Title

Heroine Abuse: Feminism, Femininity and the Female Action Hero

Date of Award

1-2011

Degree Type

Dissertation

Degree Name

Doctor of Philosophy (PhD)

Department

English

Advisor(s)

Steven Cohan

Keywords

Action Cinema, Blaxploitation, Female Hero, Film Theory, Popular Feminism, Postfeminism

Subject Categories

English Language and Literature

Abstract

This dissertation argues that female power has become a pervasive but meaningless concept and charts the depoliticization of popular feminism through an analysis of female action cinema. Reading the female action hero within both a historical and generic context, I analyze two complex relationships: the one between the female action hero and U.S. feminism and the one between the female action hero and the U.S. action film. Analyzing developments in female action cinema and feminist history alongside female action films from the 1970s to today, I argue that the female action hero is symptomatic in large of the historical trajectory of feminism from second wave to postfeminism. I use female action films to illustrate the depoliticizing of both female action cinema and popular feminism. Methodologically, this dissertation engages in the shift in film studies away from the psychoanalytic criticism of the 1970s and toward a 1990s cultural studies perspective that foregrounds the active participation of both the viewer and the historical moment in determining a film's meaning. Paying close attention to the sociopolitical context in which different iterations of the female action hero were created and received in, I read female action films against popular feminist texts (magazines, newspapers, message boards, mass market non-fiction). Each chapter approaches the female action hero as a cultural text and provides new readings of key female action films, including: Cleopatra Jones (1973), Foxy Brown (1974), Aliens (1986), Terminator 2: Judgment Day (1991), Gone in 60 Seconds (2000), Charlie's Angels (2000), Miss Congeniality (2000) and Lara Croft: Tomb Raider (2001). Much of the critical attention paid to the female action hero in contemporary criticism isolates the hero by reading her in a historical and generic vacuum.
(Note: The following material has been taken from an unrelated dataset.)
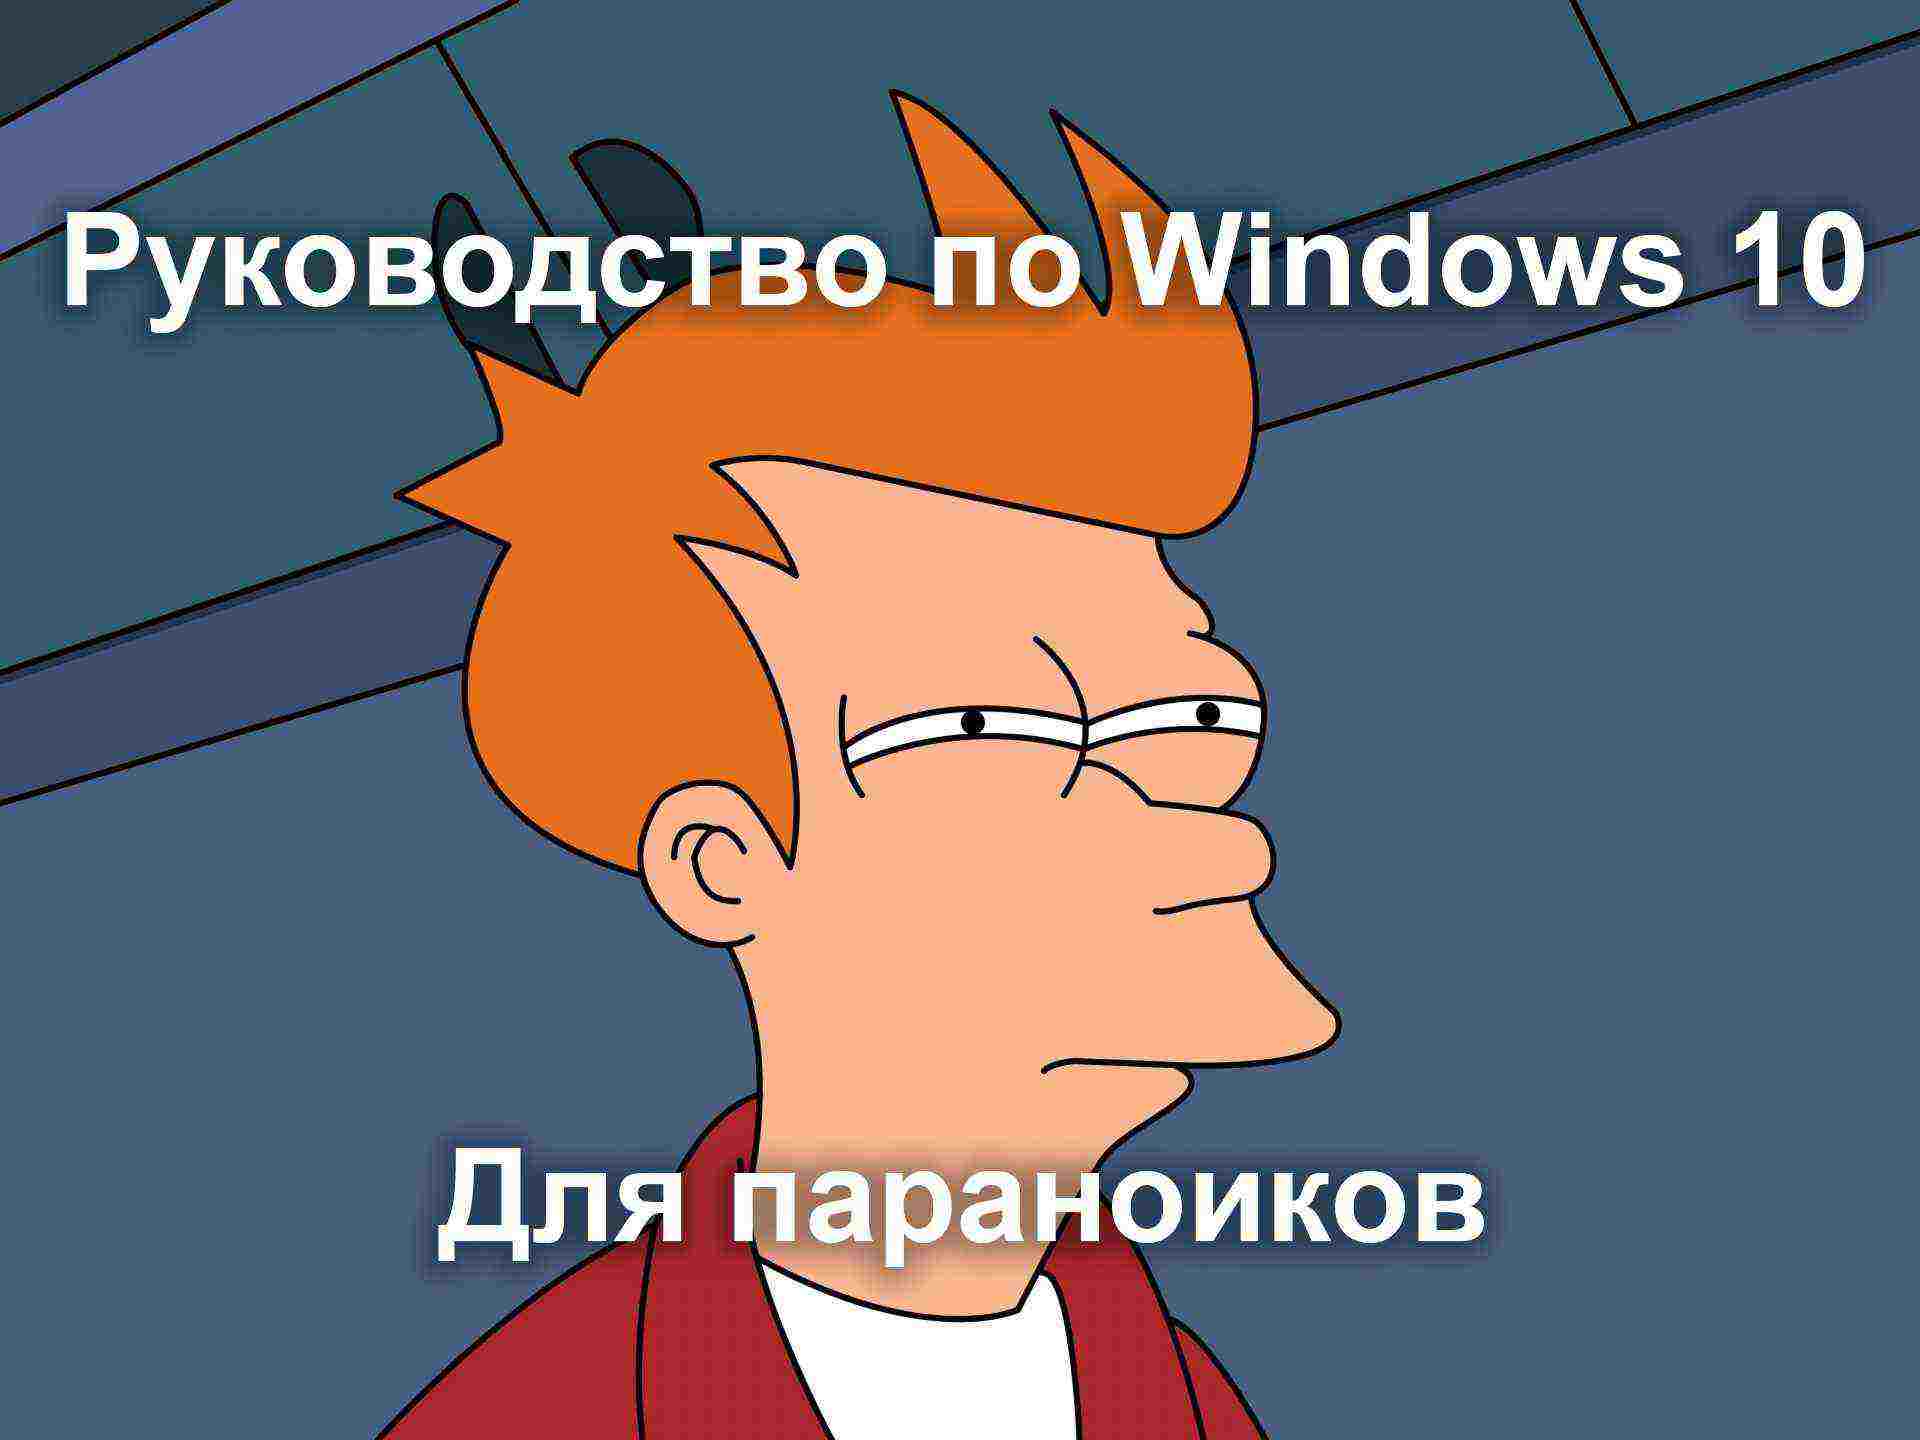 Windows 10 для параноиков: простое руководство

This dissertation intervenes in current criticism by both analyzing the hero within her historical moment and by interrogating the generic repetitions and differences in female action cinema in order to avoid collapsing the ways that, in her different manifestations, she has alternately presented a challenge to traditional gender roles and reasserted them. I conclude that the female action star - once such a flashpoint for popular and academic debate - now sells traditional femininity and conventional heterosexuality in female dis-empowerment action cinema.